3. Launch the Client

In a new terminal:

cd client  # adjust path if necessary
source client_venv/bin/activate
python client.py

The client will connect to the gateway and start evaluating metrics as configured.


Notes

  • Ensure that port 5000 is open on the gateway machine if running on a network.
  • The gateway must be running before starting the client.
  • For testing on the same machine, you can always use http://127.0.0.1:5000.

Input Format

  • Candidate file(s): MT model outputs (one file per system)
  • Source file: original sentences (aligned with candidates)
  • Reference file: gold-standard translations (used by reference-based metrics)

All files must be plain .txt, aligned line-by-line (same number of lines, one segment per line).


Metrics

Reference-based

Metric Description Reference
BERTScore Contextualised embeddings for semantic similarity Zhang et al., 2019
BLEURT20 Trained on human preference data Sellam et al., 2020
xCOMET-XL Trained on human preference data Guerreiro et al., 2024
BLEU N-gram overlap Papineni et al., 2002; Post, 2018
ChrF2 Character-level overlap Popović, 2016; Post, 2018
TER Edit distance to reference Snover et al., 2006; Post, 2018

Note: BERTScore uses xlm-roberta-large, except for English it uses deberta-xlarge-mnli for English.

Quality Estimation

Metric Description Reference
LuxEmbedder Luxembourgish sentence embeddings Philippy et al., 2024

Score Interpretation

  • Results are exported to .xlsx, including an accuracy matrix with metric scores converted to probability percentages (cf. Kocmi et al., 2024).
  • Matrix interpretation: similar to a correlation matrix; shows likelihood of one system outperforming another.
  • Note: Luxembedder is excluded from the accuracy matrix due to conversion tool limitations.

Recommendations

  • For unrelated models: prioritise BERTScore, BLEURT20, and xCOMET-XL.
  • Surface-overlap metrics (BLEU, ChrF2, TER) are limited and not recommended for cross-system comparison.
  • Percentages in accuracy matrix do not add up due to conversion tool limitations.
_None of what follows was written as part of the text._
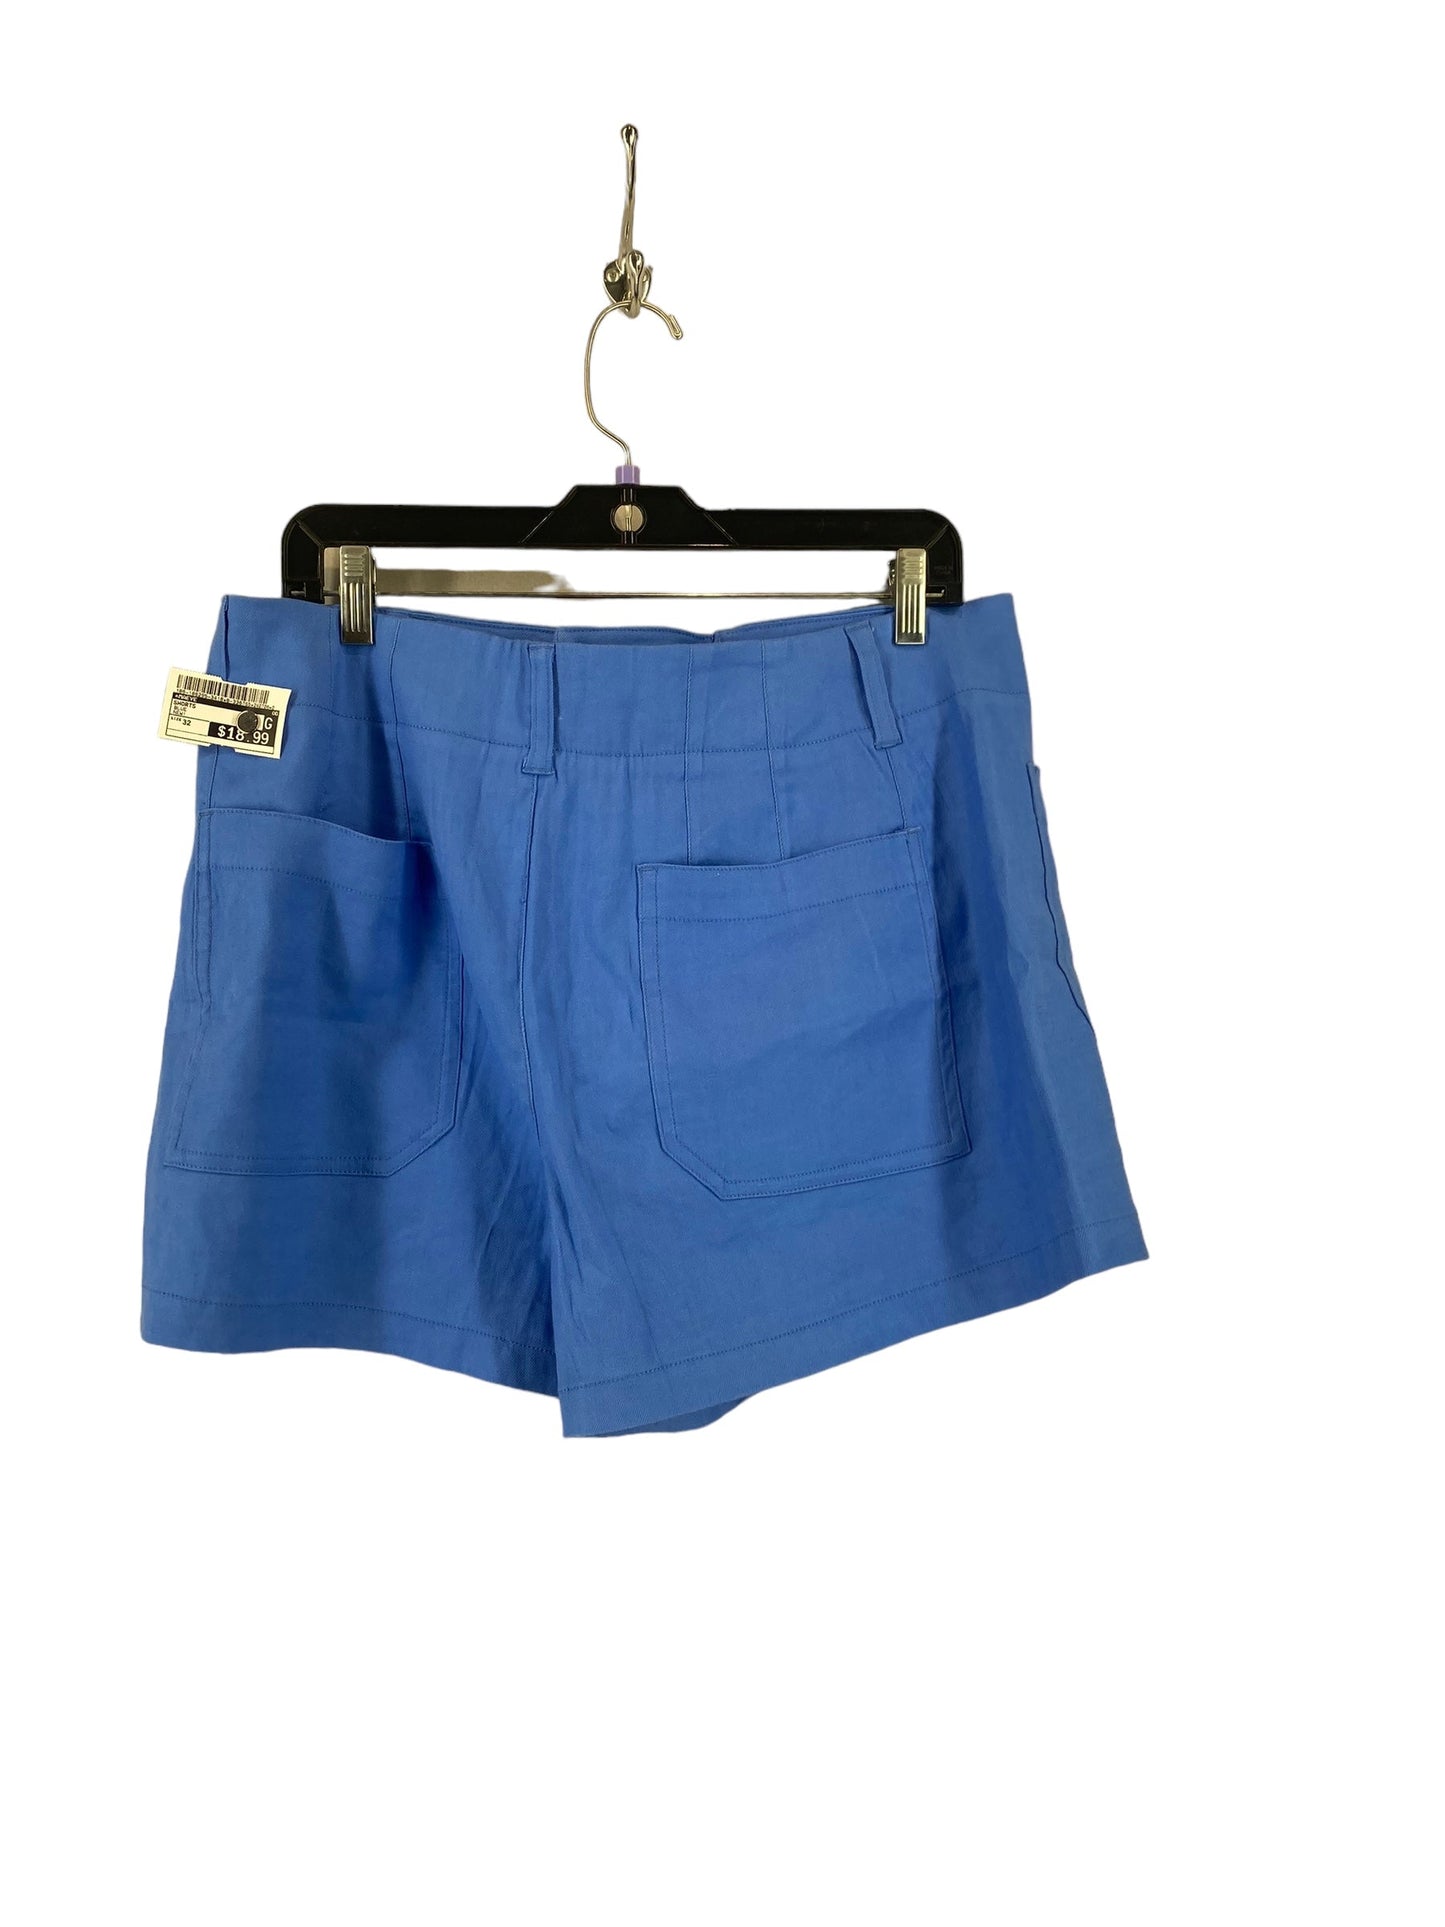 Blue Shorts Maeve, Size 32

Prioritise positive scores (likelihood of model A being better than model B) over negative scores (likelihood of model B being worse than model A).
  • LuxEmbedder: promising but unverified; scores min-max-normalised (0.8–1.0 to 0-100 range); can also be used for src -> lb.

References

  • Guerreiro, N. M., Rei, R., Stigt, D. V., Coheur, L., Colombo, P., & Martins, A. F. (2024). xcomet: Transparent machine translation evaluation through fine-grained error detection. Transactions of the Association for Computational Linguistics, 12, 979-995.
  • Kocmi, T., Zouhar, V., Federmann, C., & Post, M. (2024). Navigating the metrics maze: Reconciling score magnitudes and accuracies. arXiv preprint arXiv:2401.06760.
  • Papineni, K., Roukos, S., Ward, T., & Zhu, W. J. (2002, July). Bleu: a method for automatic evaluation of machine translation. In Proceedings of the 40th annual meeting of the Association for Computational Linguistics (pp. 311-318).
  • Philippy, F., Guo, S., Klein, J., & Bissyandé, T. F. (2024). LuxEmbedder: A cross-lingual approach to enhanced Luxembourgish sentence embeddings. arXiv preprint arXiv:2412.03331.
  • Popović, M. (2016, August). chrF deconstructed: beta parameters and n-gram weights. In Proceedings of the First Conference on Machine Translation: Volume 2, Shared Task Papers (pp. 499-504).
  • Post, M. (2018). A call for clarity in reporting BLEU scores. arXiv preprint arXiv:1804.08771.
  • Sellam, T., Das, D., & Parikh, A. P. (2020). BLEURT: Learning robust metrics for text generation. arXiv preprint arXiv:2004.04696.
  • Snover, M., Dorr, B., Schwartz, R., Micciulla, L., & Makhoul, J. (2006). A study of translation edit rate with targeted human annotation. In Proceedings of the 7th Conference of the Association for Machine Translation in the Americas: Technical Papers (pp. 223-231).
  • Vanroy, B., Tezcan, A., & Macken, L. (2023). MATEO: MAchine Translation Evaluation Online. In M. Nurminen, J. Brenner, M. Koponen, S. Latomaa, M. Mikhailov, F. Schierl, … H. Moniz (Eds.), Proceedings of the 24th Annual Conference of the European Association for Machine Translation (pp. 499–500). Tampere, Finland: European Association for Machine Translation (EAMT).
  • Zhang, T., Kishore, V., Wu, F., Weinberger, K. Q., & Artzi, Y. (2019). Bertscore: Evaluating text generation with bert. arXiv preprint arXiv:1904.09675.